Now of course it may be said if this be so, if dispersion is going on by virtue of natural economic causes where is the necessity for interference? All would agree that where natural development is satisfactory it is far better to leave well alone. The answer is twofold. First the process of dispersion is hampered and checked by the fact that at present it is only open to manufacturers of very large means, and secondly the process is not going forward under satisfactory conditions and there is no guarantee in the absence of foresight and organisation, against the growth of evils in the future, as great as those which have resulted from neglect in the past. Experience has been altogether thrown away, if it has not opened our eyes to the undesirability of leaving national development to chance. We have tried that method and it has failed, miserably failed. It has led to the existence of social conditions which to right-thinking men are intolerable. For the future we must form a clear perception of what we want to attain, and the conditions favourable to its attainment, and these we must spare no effort to secure. Now with regard to the distribution of the population upon the land what is it that we want? Do we want large tracts of sparsely inhabited land, where agriculture languishes and the population ever decreases on the one hand, and overcrowded centres where manufacture proceeds at the physical expense of the nation on the other hand? This is what we have got, and it is admittedly unsatisfactory. The towns already too large are continually increasing without regard to the advantage of the country as a whole. Amorphous masses of seething humanity put to shame by the domestic policy of the ant and the bee. Surely human intelligence is not incapable of devising some better way of utilising the land for the benefit of its inhabitants. If old towns are incapable of adequate improvement why not provide for the overflow and increase of the population by new towns—new towns not growing up haphazard as they do now, the owner of every plot pursuing his own advantage without thought or care for the appearance, comfort or convenience of the town as a whole—but new towns built on a definite plan for a definite purpose? There is plenty of land available. Let no one talk of England as overpopulated until he has calculated the population it would hold if that population were uniformly distributed at five to the acre, not an excessive number.
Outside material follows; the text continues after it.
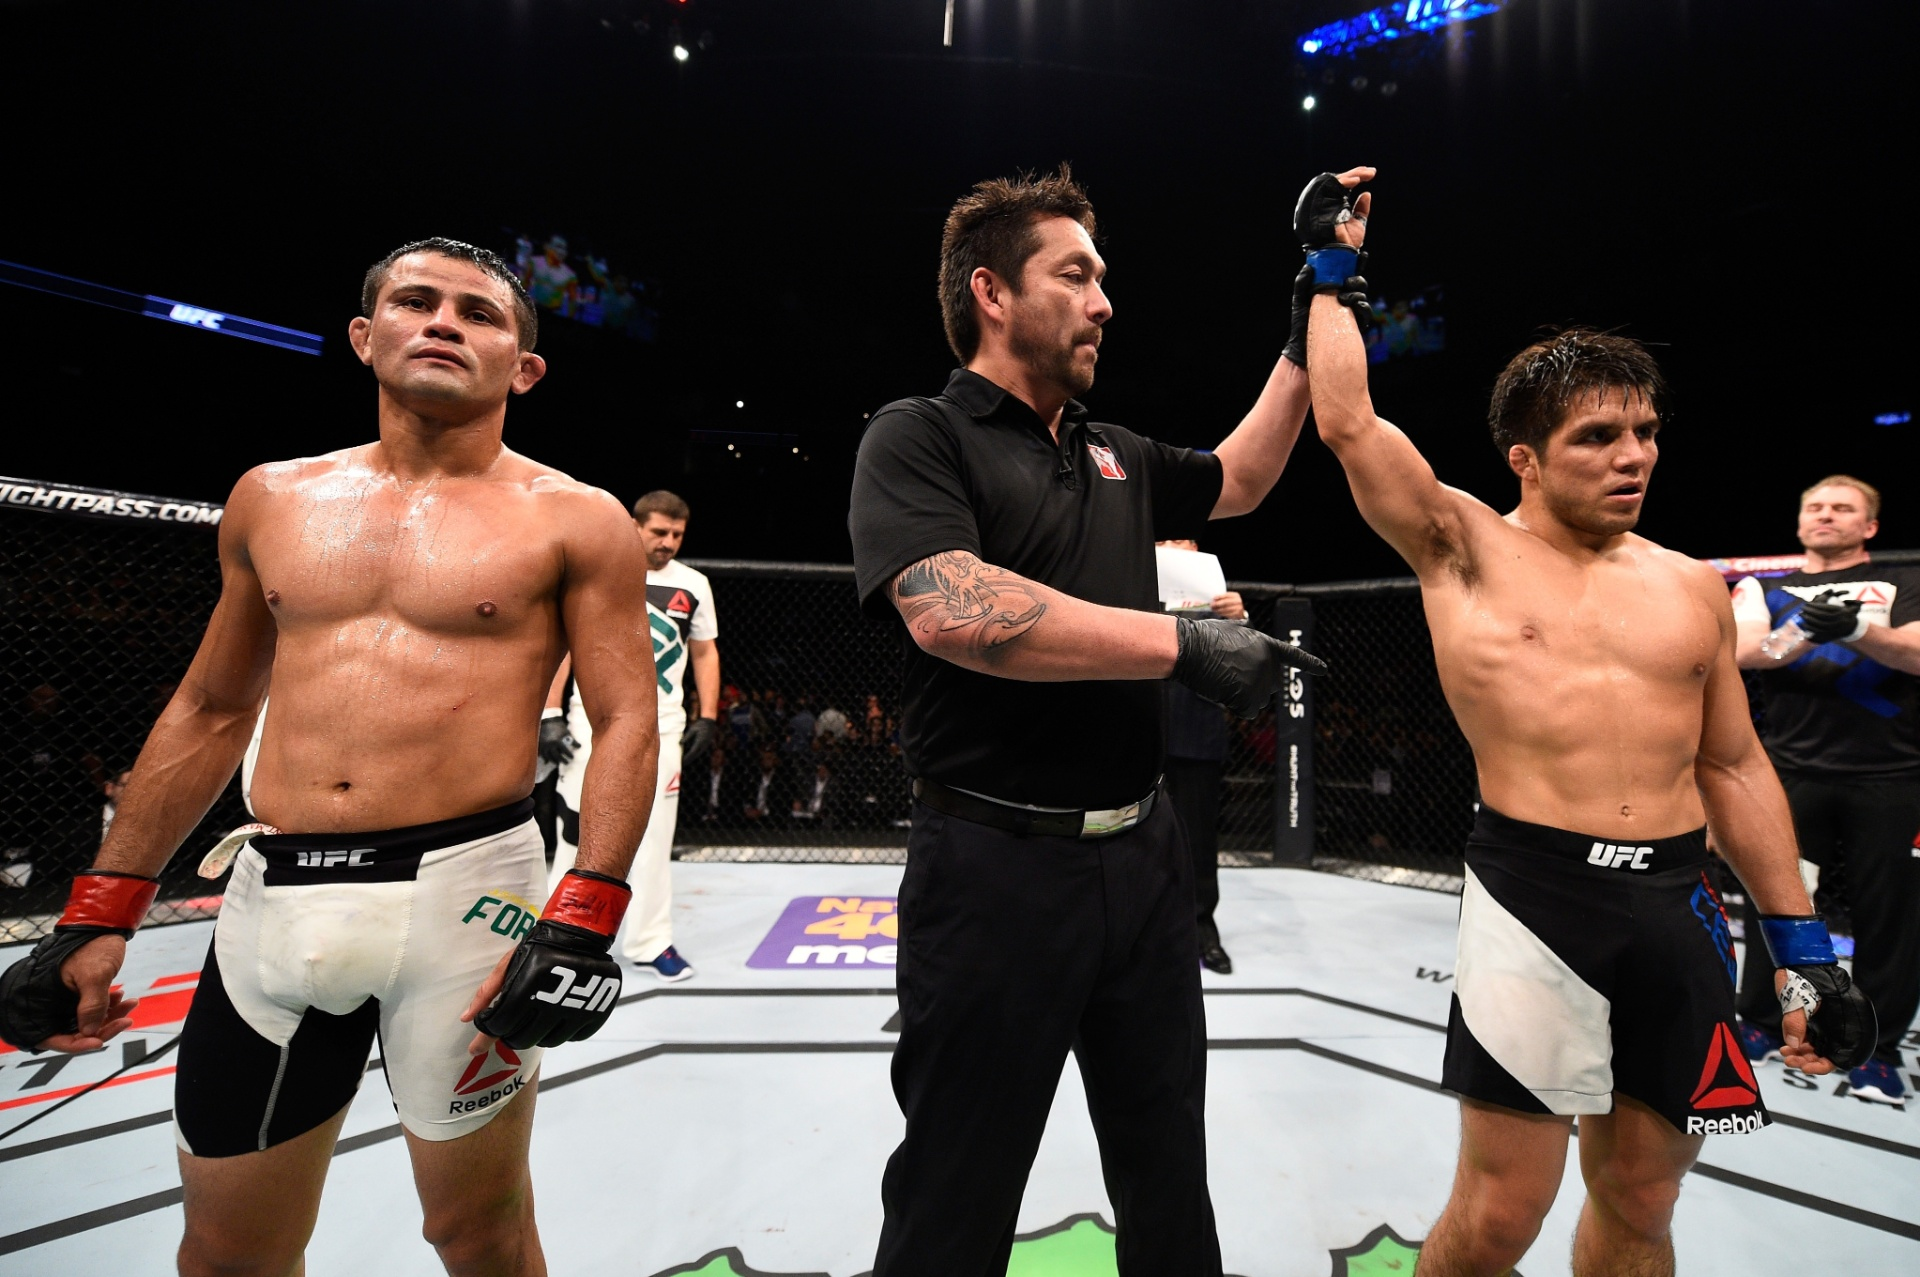 Árbitro Mario Yamasaki anuncia a vitória de Henry Cejudo em luta contra Jussier Formiga no UFC Fight Night disputado em Monterrey, no México

Let us consider the requirements for such a scheme of distribution. In the first place the land upon which the town is to be built must obviously be in the hands of one central organising body. Secondly that body must hold not only the land upon which the town is to be built, but a sufficiency of the surrounding land to prevent the model town from being encroached upon by irresponsible persons. These conditions satisfied, we have in a nutshell the principle of the Garden City originally advocated by Mr. Ebenezer Howard in his book entitled "To-morrow." The benefits calculated to arise, from the the laying out and formation, of a town upon a definite plan from the first, are too obvious to need explanation, but when coupled with the ownership of the land in the vicinity of the town site, the advantages are greater than at first sight appear. A local authority thus equipped can control the size of the town by rigidly adhering to the original plan, and can approximately control the density of the population, by limiting the number of houses to be erected per acre, but in addition, a double advantage will be secured by the retention of the surrounding belt of agricultural land, for not only will the health of the industrial inhabitants of the town be ensured, as far as abundance of fresh air can ensure it, but the proportion of the population employed in agriculture will be increased, by providing an adequate local market for the consumption of what I may call the smaller agricultural industries such as the production of milk, fruit, poultry and vegetables. These smaller industries, some of them requiring spade labour, employ a large number of hands.

Now assume a distribution of the population to have taken place under the conditions indicated, and contrast the position of the working man and his family under the old conditions and under the new. If he be engaged in mechanical industry instead of living in slums or tenements, his principal recreation being found in the public-house or music-hall, he will live in a cottage in a town having immediate access to fresh country air. He can if he wishes it have a garden sufficient to occupy his leisure, and to return him a little profit in addition to his wage, or if he prefers them outdoor amusements will be ready to his hand. Beyond his actual working hours no part of his day need be spent within doors.

The most important point of all, the difference in the life of the child of the Garden City and of the slum child, I need not dilate upon; it will appeal to all. On the other hand the choice of agricultural labour will no longer involve the dullness of country life. The agricultural labourer will be able to share the advantages of town life with the mechanic. I am convinced that the redistribution of the people upon the land would do more to transform the members of the working class than any other conceivable alteration of the conditions under which they live. It is not generally recognised, or indeed I think adequately realised by any of us, what effect healthy bringing up and healthy conditions of life have upon a man, or the extent of the evils induced by want of fresh air and insufficient out of door exercise. We are apt to imagine that the symptomatic pain and discomfort which we recognise as resulting from particular diseases are the beginning and end of the matter. In my belief it is far otherwise. Unhealthy appetites are largely dependent upon the conditions of life and the habits induced by them.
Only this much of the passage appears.